Page 86 of The Lucky List

Page List

Font Size:

“Do we need to start calling you Lucky instead of Lucy then?” Raven asks.

“No, Lucy is fine.”

Raven nods. “So, what are you going to do about Mike?”

Summer claps her hands as if she’s had the biggest revelation. “You know what you should do?”

We all stare at her in anticipation.

“You should propose!”

“I can’t believe I’m saying this, but I agree,” Raven adds, and we all gawk at her. “Mike is the Irish one, right?”

“How did you?—”

“Ned.”

“Sounds about right,” Bella says.

Raven continues, “Tomorrow is St. Patrick’s Day, and according to an old Irish legend, St. Brigid was annoyed that women had to wait on men to propose. So, she complained to St. Patrick, and he agreed to let women propose too, but they could only do it on Leap Day. Small victories, I guess, but we’re still getting fucked by the patriarchy.”

“There’s no Leap Day this year,” Summer says, sounding defeated.

“Who says she has to wait till Leap Day? If St. Patrick allowed it, she could do it on his day,” Bella declares.

“I’d have to get a ring,” I mutter, mind racing. Am I really considering this? “And there’s something else I’m waiting on that I’m supposed to get tomorrow.”

“A delivery?”

“Sort of. It could be nothing, but it’s something I wanted to look into.”

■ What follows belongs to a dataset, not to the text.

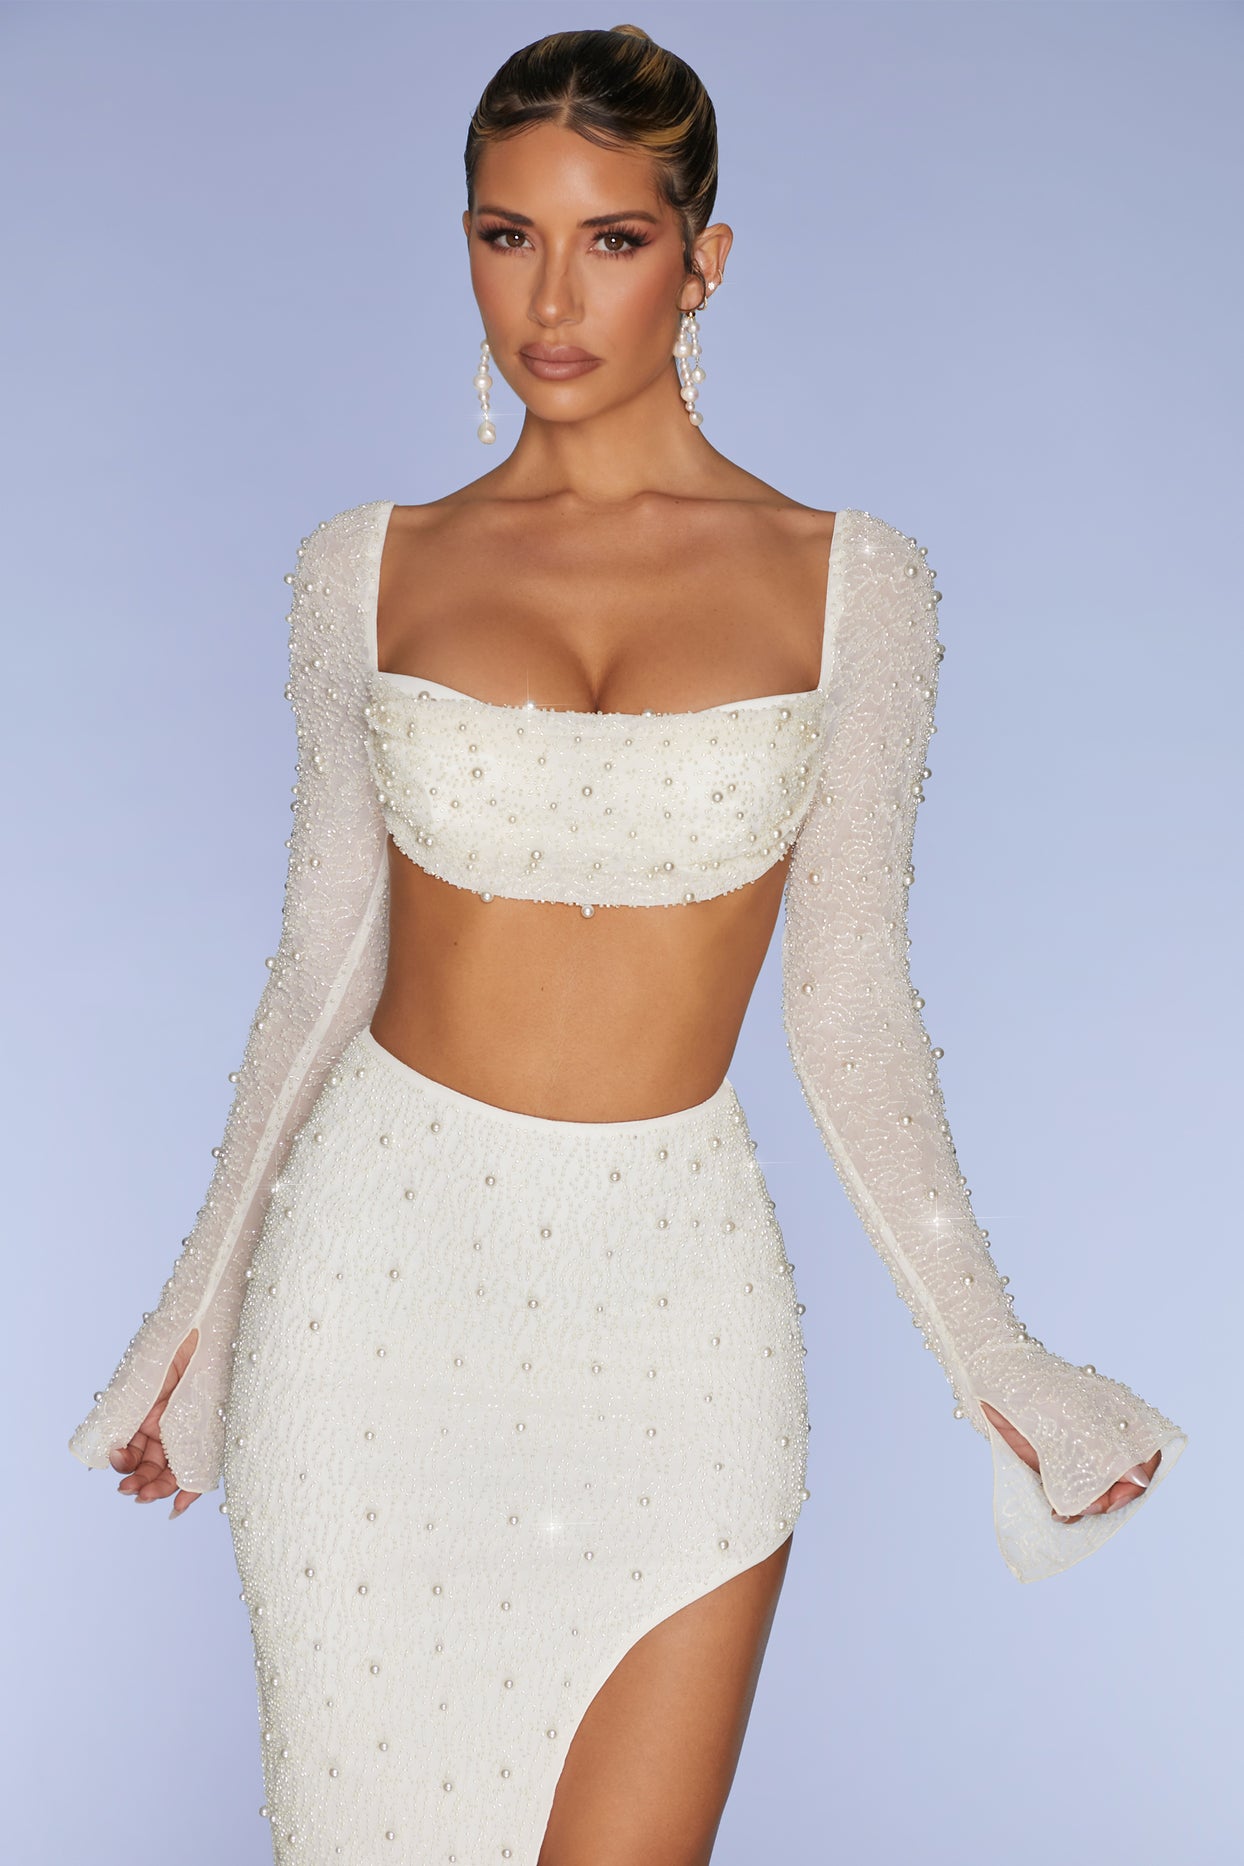 Ivory Pearl Beaded Crop Top // Heavily Embellished Top W/ Cream Faux Pearls  -  Norway

“It better not be a house listing with another realtor. If you propose and Mike moves in, you better use me to sell your house or his.”

“Of course.” I nod at Summer.

“I’ll watch your class tomorrow. Go do what you need to do, just make sure you’re back in time for the assembly,” Bella says.

Fuck you, Lady Luck. I’m off to make my own luck and get the man of my dreams.

CHAPTER 25

MIKE

Iwake up to the sun beating down on me. Stretching like a cat, I bask in the warmth of it and wiggle against the sheets.

Am I naked? I peek under the covers. Definitely naked. Why am I naked?

What time is it?

Why is it so bright in here? It’s never this bright in the morning. Only in the afternoon.

Any rest I felt vanishes when I bolt up in bed and reach for my phone. Shite. I never plugged it in. I tear out of the bed and run into the living room, dick flopping with the motion as I check the time on the oven. Fuck, it’s nearly one. The St. Paddy’s Day program is at two.

And my car is still parked on the mountain.

Feckin’ hell.

I plug in my cell and throw on some clothes. Once I’m dressed, I fidget as I sit on the bed, anxiously glaring at the phone as if doing so would charge it faster. I’m aware of every sound in the apartment building as I sit there helpless with no way to contact the outside world. No home phone. Nocomputer. Just this stupid useless feckin’ brick charging at a snail’s pace.